I taliban stanno chiedendo agli ambasciatori di restare. Se s’impegnano a non accogliere organizzazioni terroristiche internazionali, allora il loro governo sarà riconosciuto. E le donne afgane finiranno nel dimenticatoio. Credo quindi che faranno alcune concessioni sulle questioni di sicurezza, per avere le mani più libere in Afghanistan.
Che ruolo svolge il Pakistan oggi?
Ha sostenuto i taliban fin dall’inizio. Da 25 anni mantenere i taliban al potere a Kabul è un’ossessione dei servizi d’intelligence pachistani. Non voglio sbilanciarmi, ma non mi stupirebbe se il piano di chiudere le frontiere e conquistare le capitali provinciali sia stato concepito dai pachistani.
E la porosità con la frontiera pachistana non è appunto una fonte di pericolo terrorista?

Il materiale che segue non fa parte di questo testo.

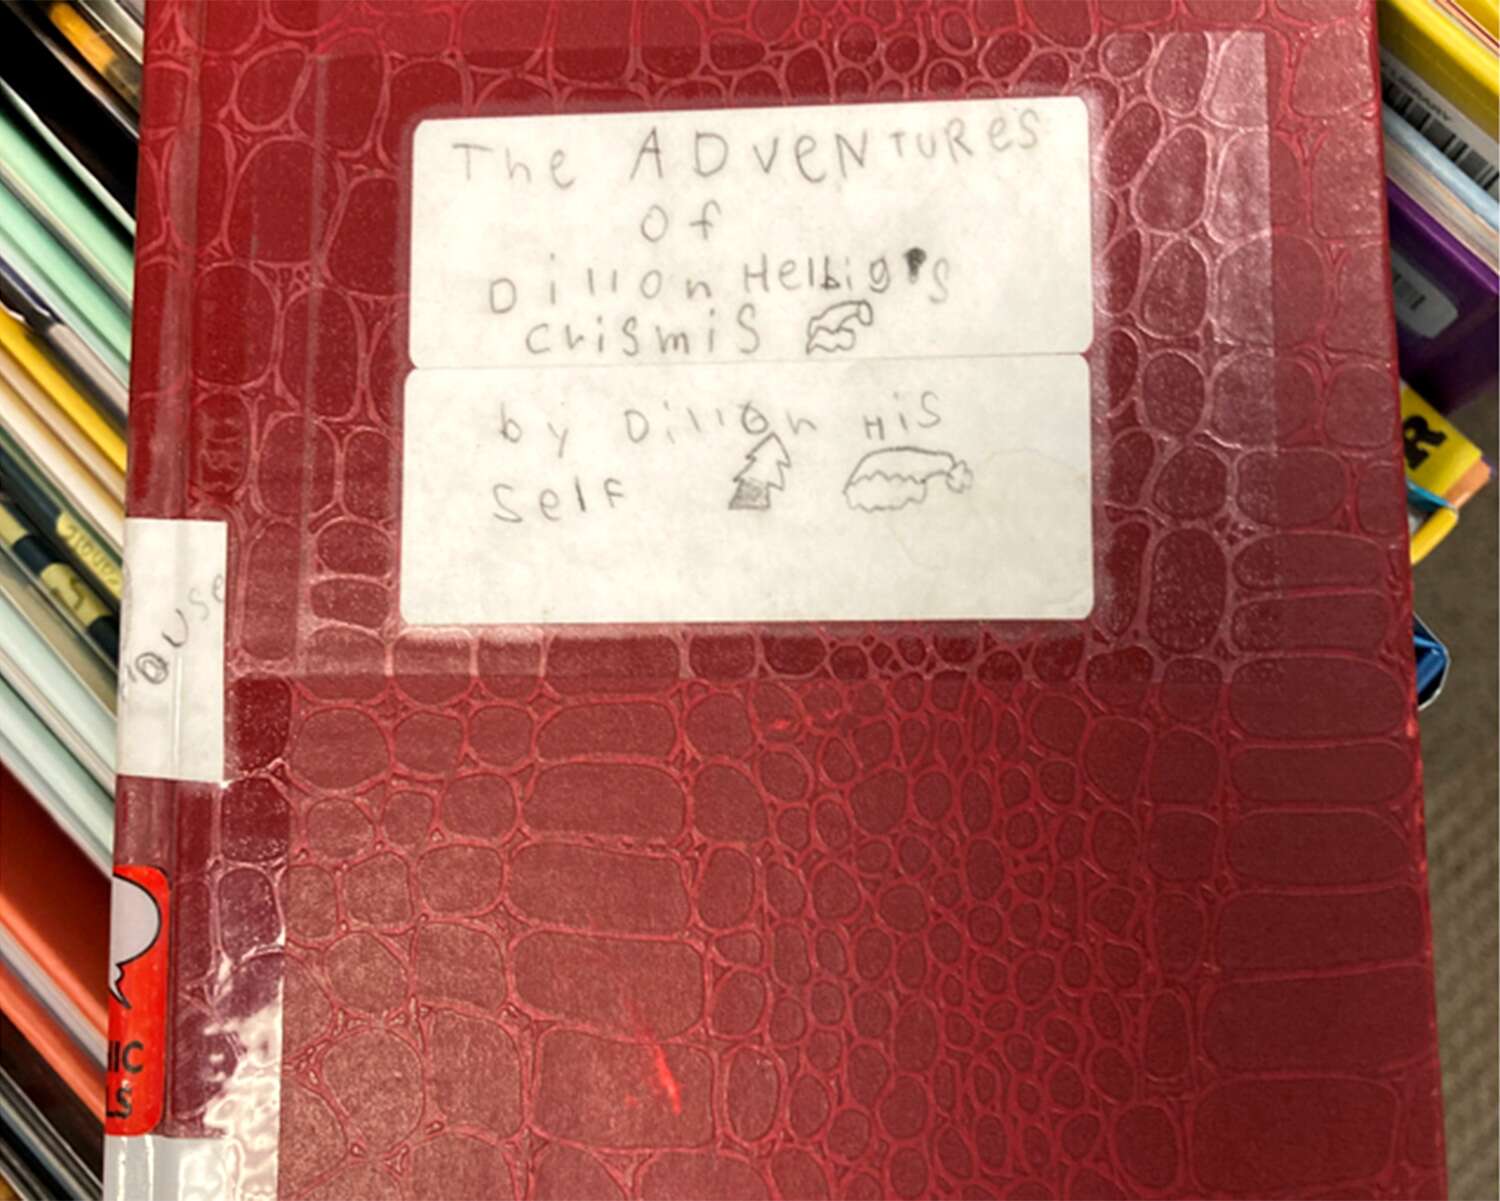 Second Grader Sneaked His Handwritten Book To A Library, It’s A Hit

Sì, certamente. Ma i pachistani hanno un problema con i loro, di taliban. Nessuno, in ogni caso, controllerà la zona di frontiera.
Condivide l’immagine dell’Afghanistan come tomba degli imperi?

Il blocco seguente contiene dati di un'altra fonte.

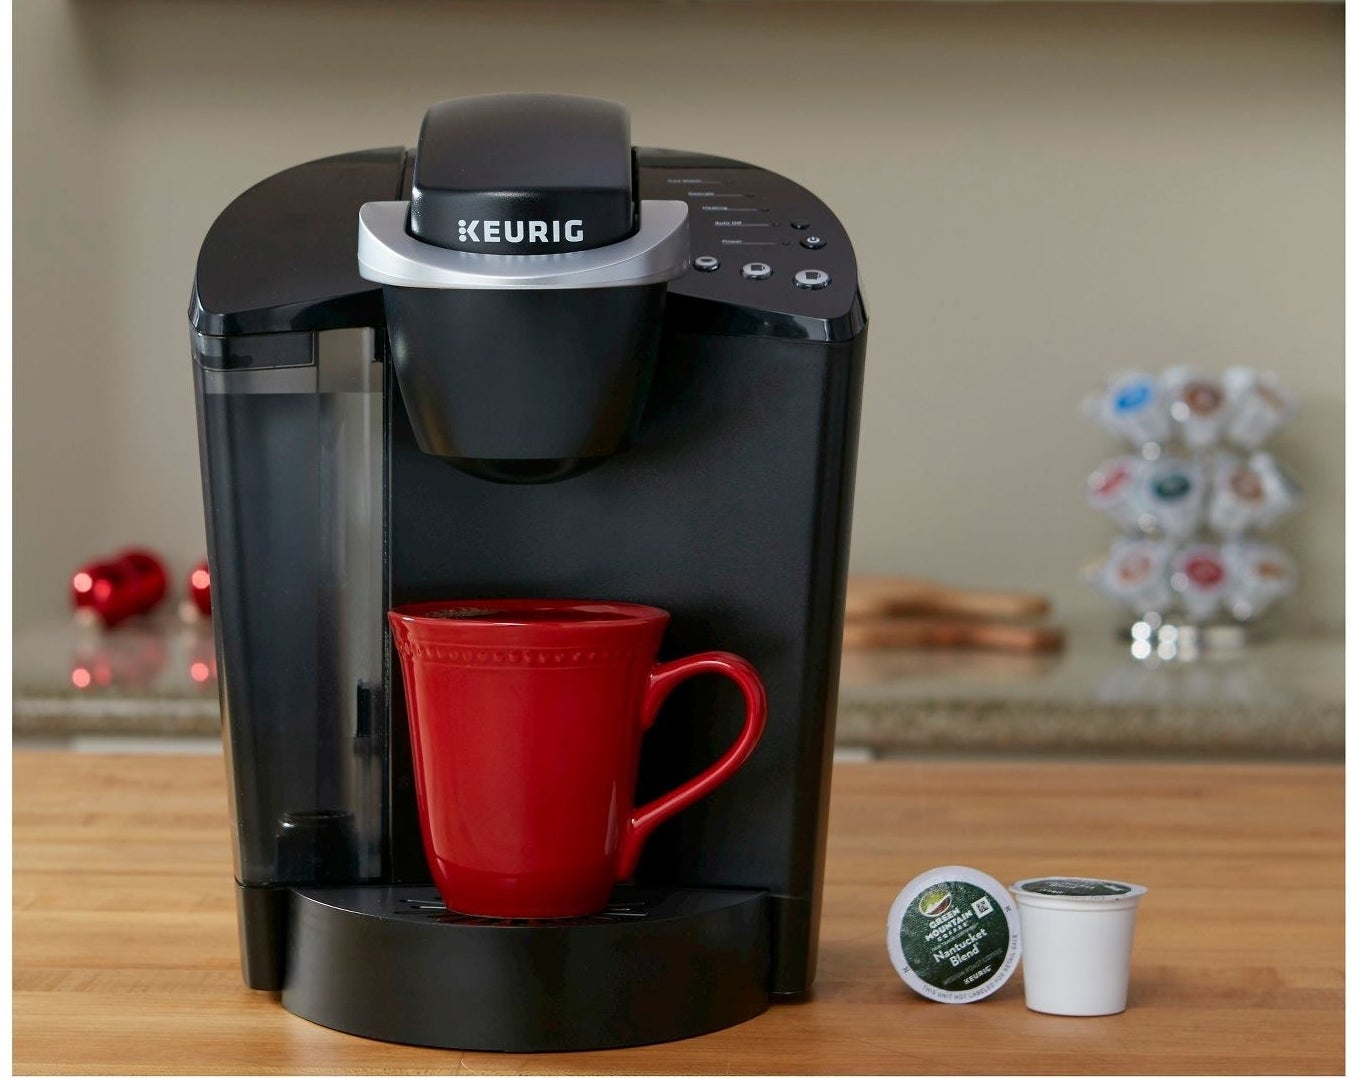 keurig coffee maker with red mug of coffee on a counter

È corretta. Si tratta di un paese molto particolare, con tradizioni guerriere. Il paradosso è che ciò che fa la forza di questo paese è anche la sua debolezza. Tutte le sue divisioni tribali, di clan, geografiche, familiari, ne fanno un paese governabile solo attraverso una relazione flessibile tra il centro e la periferia. La monarchia afgana, tra il 1933 e il 1973, c’era riuscita. Ci sono stati quarant’anni durante i quali essa era riuscita a trovare quest’equilibrio. È stata in realtà la guerra fredda a sconvolgerlo, le tensioni tra statunitensi e russi. In seguito i russi hanno fatto l’errore d’invadere e, dopo di loro, gli statunitensi hanno fatto lo stesso errore. Nessuno è riuscito a creare un potere centrale stabile.
I cinesi non invaderanno?
Assolutamente no! I cinesi vogliono due cose. Che gli afgani non sostengano gli uiguri, e credo che abbiano tutte le garanzie dei taliban in tal senso. E poi vogliono le materie prime: rame e altro. Hanno acquistato delle enormi concessioni. Ma il ragionamento dei cinesi è che poco importa chi governi a Kabul, il paese non è comunque controllabile.
Il patrimonio culturale afgano è di nuovo in pericolo?
Di fatto sì. Non a causa delle tendenze iconoclaste dei talebani, i quali penso saranno più prudenti. Ma per semplice incuria. Il passato pre-musulmano non li interessa. Lasceranno che il saccheggio continui, come accade dal 2001.
I taliban avranno mano libera su gran parte del territorio afgano o dobbiamo aspettarci una guerriglia incessante?
Ci sono due possibilità. La prima è una situazione simile alla fine degli anni novanta, quando i taliban non riuscivano a controllare le roccaforti dell’opposizione, in particolare il Panshir. Se questa regione resisterà, non avranno grossi problemi ad accerchiarla. Tanto più che nessun paese paracaduterà delle armi al successore di Massud. La Russia vuole solo una cosa, che taliban garantiscano la frontiera con l’Asia centrale, e lo faranno. La seconda è che i taliban vengano superati a destra, da gruppi ancor più radicali. Come quelli che rivendicano la loro appartenenza al gruppo Stato islamico, che sono già presenti sul territorio. Si può credere che i taliban faranno tutto il possibile per schiacciarli, perché non possono accettare una concorrenza. Ma allo stesso tempo i pashtun dell’est rischiano d’installare sul territorio nuove aree di rifugio per il terrorismo.
E quindi di minacciarci direttamente?
Sì ma, paradossalmente, i taliban sarebbero dalla nostra parte.
Riusciranno a tenere Kabul?
Nella capitale c’è molta povertà, ma la città si è molto occidentalizzata. La società è moderna, c’è internet, a differenza del 2000. Se i taliban riprenderanno i loro vecchi metodi, la città sarà per loro un osso duro.
(Traduzione di Federico Ferrone)
Questo articolo è stato pubblicato su Ouest-France.